Reading Birds and Blooms is a trip into God’s magnificent creation. It’s all good and lovely and true in this magazine with virtually no advertising and mostly reader contributions. Reiman publishers have put out so many wonderful magazines that I keep adding one more to my subscription list. It’s cheaper than a vacation, and it is restorative to leave the difficulties and squalor of all that is wrong in our world to spend time admiring the world God created! The subscriptions are very inexpensive, by the way. And no, I was not paid for this post! ![]()
I was happy to discover this magazine, from your post! Can’t wait for my first issue, and the email newsletter was fun to read, as well.
This sort of “restorative” is badly needed, in my view, given the glut of negatives we face in the general culture. I need, personally, to focus more on the good, less on the distressing/evil.
On a side note, here in rural NW IL, I had some wonderful bird visitors this week: black and white warblers, rose-breasted grosbeaks, western meadowlarks, goldfinches, chipping sparrows, and the glorious barn swallows with their acrobatics! Good bird week for us. Plus the apples are all blooming, the early garden is growing. Oh…if only we could keep our minds more on our daily blessings, which are so numerous, rather than the evils which seem to surround us..
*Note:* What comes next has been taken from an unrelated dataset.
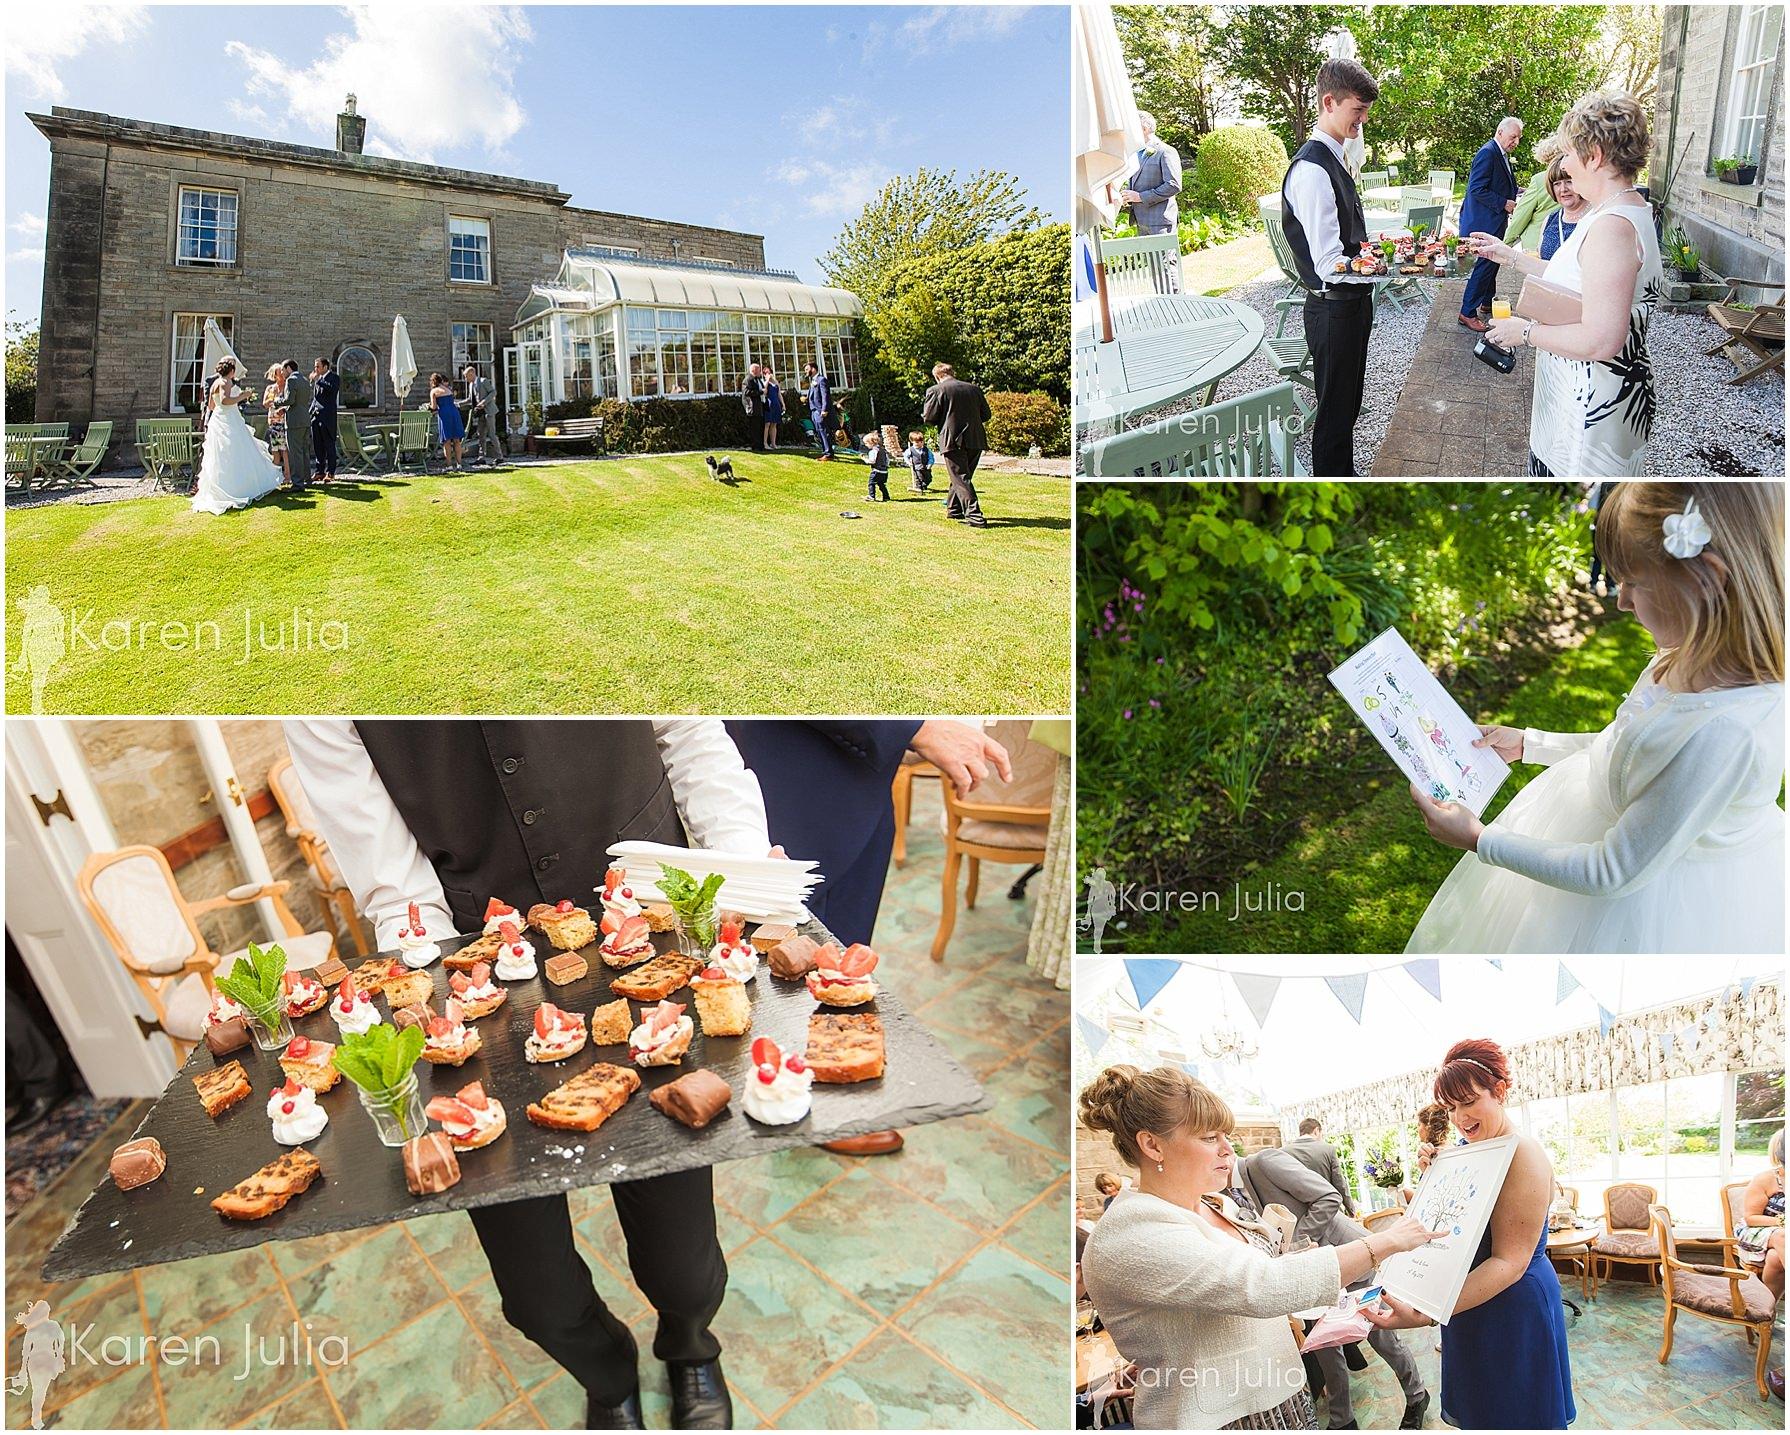 Spring-House-Hotel-Wedding-Photography-09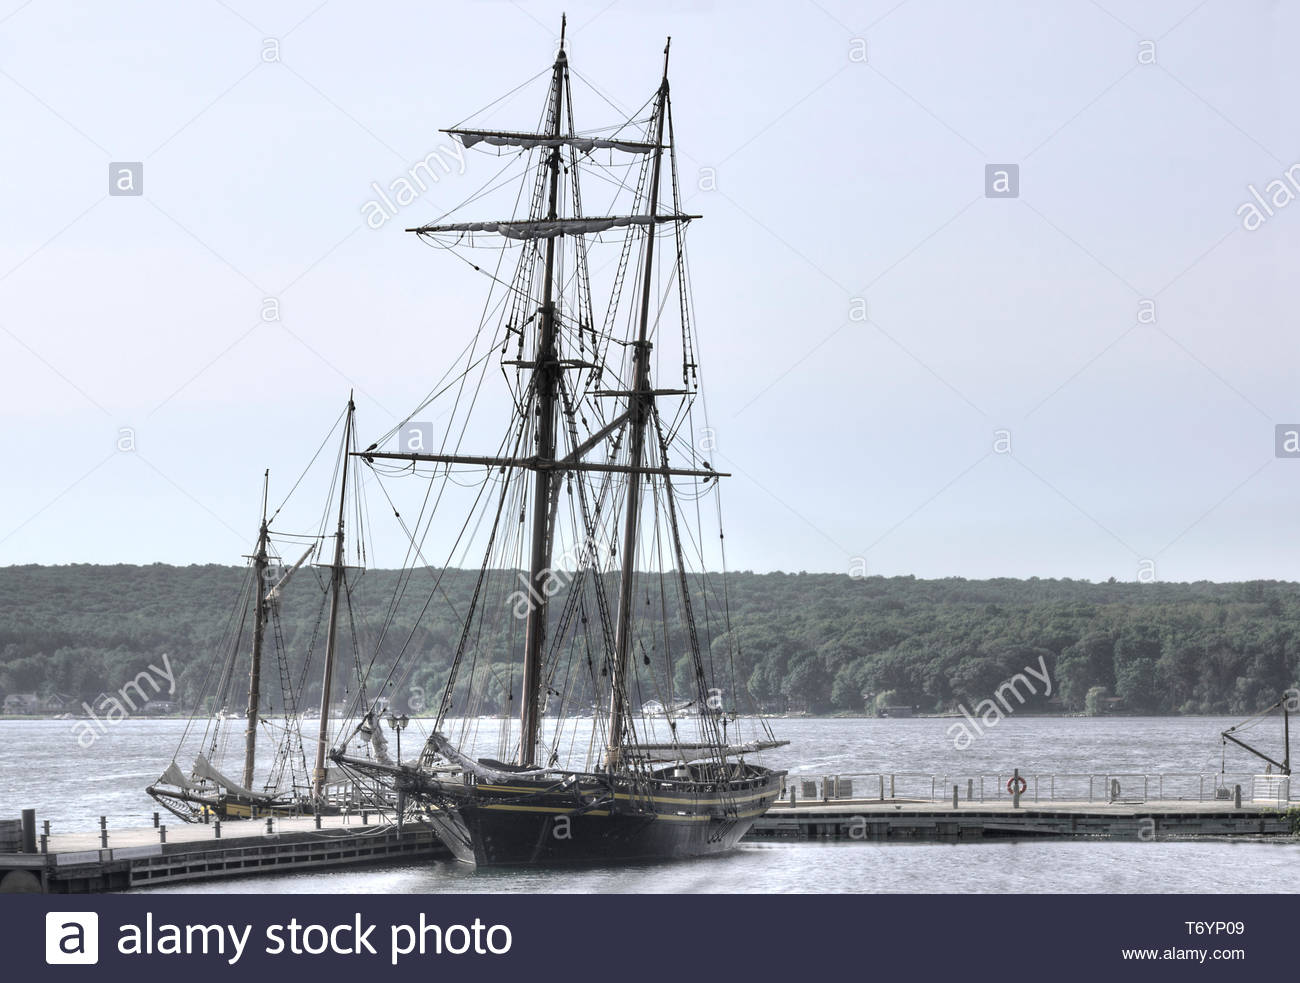 tall ship in harbour Discovery bay Penetanguishene Ontario Canada - Stock Image

The simplicity of the country is one of the major reasons that I love visiting my “Uncle” Chris, “Aunt” Audrey (the sister of one of my aunts by marriage) & their boys out on the farm. It’s like a totally different world, one of simplicity, charm, reverence for the Lord Jesus Christ & they have something about them that makes you feel you’ve went back in time about 80 years. I think fondly of the days passed there on their old farm in western Illinois: my mother & I helping with the chores, picnics on the big wraparound porch, watching the cows, pigs & chickens, playing outside with the boys & the farm fresh milk. Aunt Audrey’s the proud home-schooling mom of 4 boys & she got her lifelong dream to marry a farmer & have cows. They (my aunt & uncle & the 3 younger boys) recently moved to a much larger farm near Rochester, New York, where they’ll be doing beef, sheep & chickens & I had the privelege of taking the train to see them over my spring break at their new place. So, the spring always makes me think of my dear Uncle Chris doing planting.